Slava was about to start across to help when one of Settledecker’s assistants appeared before them. She knelt in front of the old man, her black top hot just to look at. Settledecker seemed to surround himself only with women. Peter said something to the girl, then looked back at Slava, thumbs up.

At last everything was ready — the seniors seated, the assistants lined up behind Settledecker, the cameramen staring into their viewfinders. Settledecker scratched at his beard and approached the microphone, his modest potbelly jiggling. Cautiously, he tapped the head, as if it were the first microphone of his life.

“Ladies and gentlemen,” he said. He swiveled to face the rows of folding chairs. “Survivors,” he nodded. He returned his gaze to the cameras and looked ahead without speaking. All at once there was too much silence. Settledecker coughed.

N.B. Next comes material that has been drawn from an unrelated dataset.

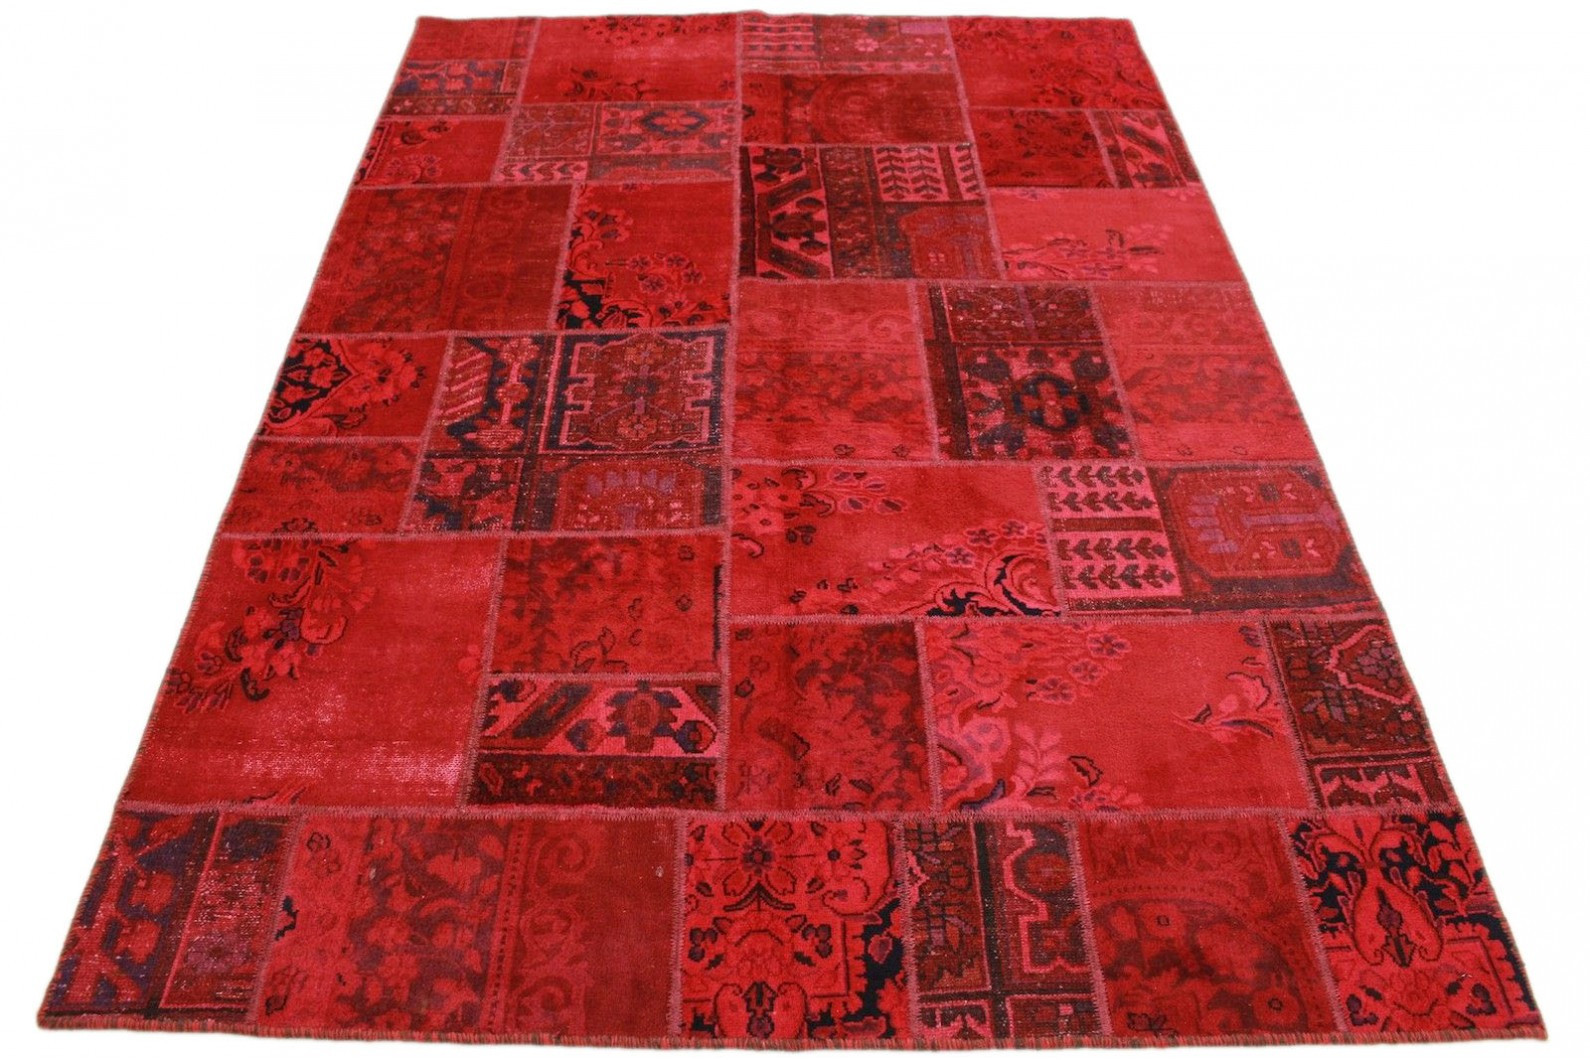 Teppich Rot  Patchwork Teppich Rot in 240x160cm 1001 2148 bei
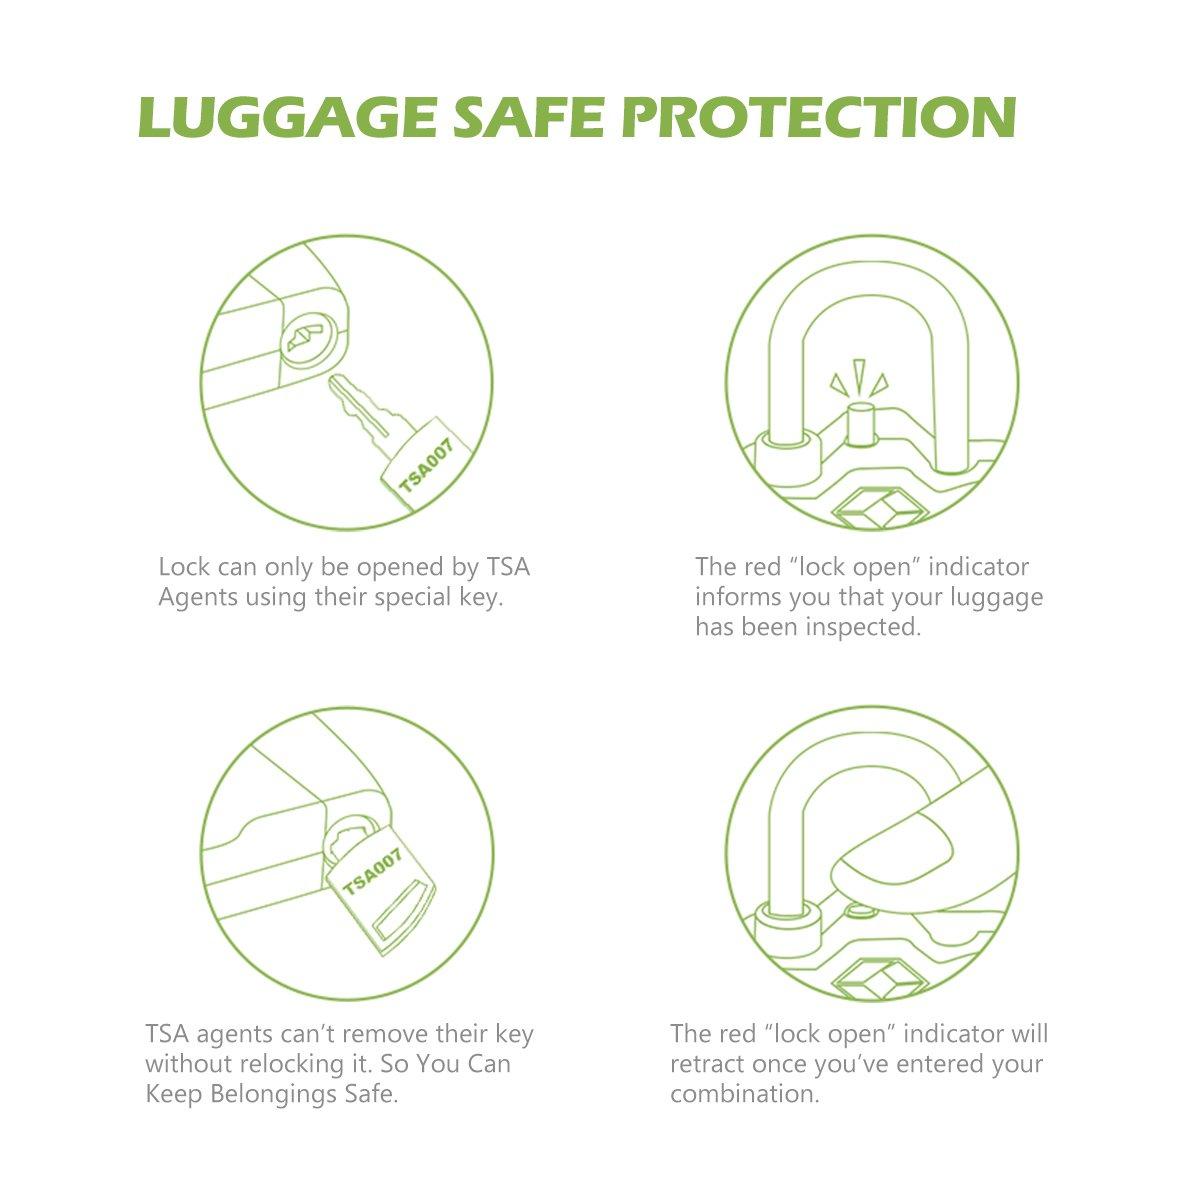 KeeKit Combination Locks, TSA Approved Luggage Locks with Open Alert Indicator, TSA Luggage Locks for Travel, Suitcase, Baggage & Backpack, Gym Locker (Black, 2 Pack) by KeeKit (Image #6)

Then he turned back to the folding chairs. The pensioners were motionless. Settledecker rolled his eyes and, half turning, hissed to someone behind him. One of the assistants ran down the steps of the dais and whispered into the ear of the woman in the corner chair of the first row. Oi-oi-oi. The woman slapped her forehead and pulled at the nylon jacket of the woman next to her. “Poshli, Roza, my idyom!” Let’s go, Roza, we’re moving.

The first row followed with discipline. Then the second, waiting patiently until the first had filed out. Settledecker nodded from the stage. The lead woman, the assistant’s hand gently steering her back, began to mount the platform. Roza and the rest followed. Ghosts, they were going to file past Settledecker as he spoke.

“Ladies and gen—” Settledecker started again, but a tugboat blared from the Hudson. He opened his hands to the sky. “We will begin, of course, only when God wills it.” Light laughter from the grass. “Ladies and gentlemen,” he said. He half turned again: “Survivors.” He pointed at the cameras. “And I do call them survivors. Because they are. I am going to pose a question to you. Any of you. You, sir.” He selected a cameraman. “Imagine your country — our country — is invaded. Imagine our conquerors — and make no mistake, we’ve been conquered — our conquerors have no special feeling for Americans, but it’s New Yorkers they really dislike. Oh, they really hate them. Difficult to imagine, isn’t it?” Another round of laughter. “The rest of America is more or less autonomous, but New Yorkers they herd into concentration camps.” Settledecker lifted his hand and began to count on his fingers. “Starvation. Disease. Extermination. Gas chambers. You see what I’m getting at. Sir, where are you from?”